Evolutionarily conserved residues at an oligomerization interface of the influenza A virus neuraminidase are essential for viral survival

•Twenty-one amino acids at NA were identified as crucial residues for viral survival.•Lack of NA enzymatic activity is not a sole factor in influenza viral lethality.•Ala substitution at the NA oligomerization interface disrupts the stability of the NA dimer/tetramer.•The oligomerization of NA is important for viral viability.

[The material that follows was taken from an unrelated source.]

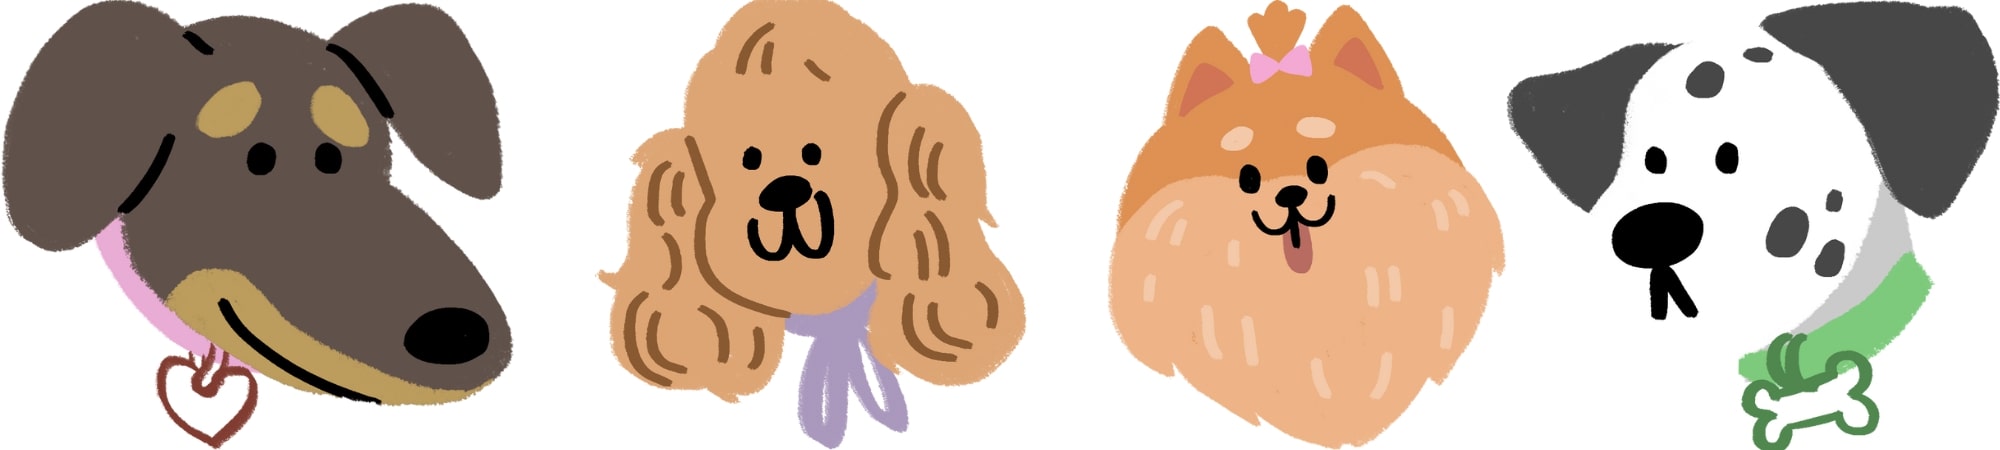 illustrations chiens

Neuraminidase (NA) is a homotetramer viral surface glycoprotein that is essential for virus release during influenza virus infections. Previous studies have not explored why influenza NA forms a tetramer when the bacterial monomer NA already exhibits excellent NA enzymatic activity levels. In this study, we focused on 28 highly conserved residues among all NA subtypes, identifying 21 of 28 positions as crucial residues for viral survival by using reverse genetics. Maintaining NA enzymatic activity levels is critical and numerous conserved residues were located at the oligomerization interface; however, these mutations did not affect NA enzymatic activity levels or NA cellular localization, but rather affected the stability of NA oligomerization, suggesting that the oligomerization of NA is essential for viral viability. An increased understanding of the biological functions of NA, in particular NA oligomerization, could facilitate an alternative design for antivirals to combat influenza virus infections.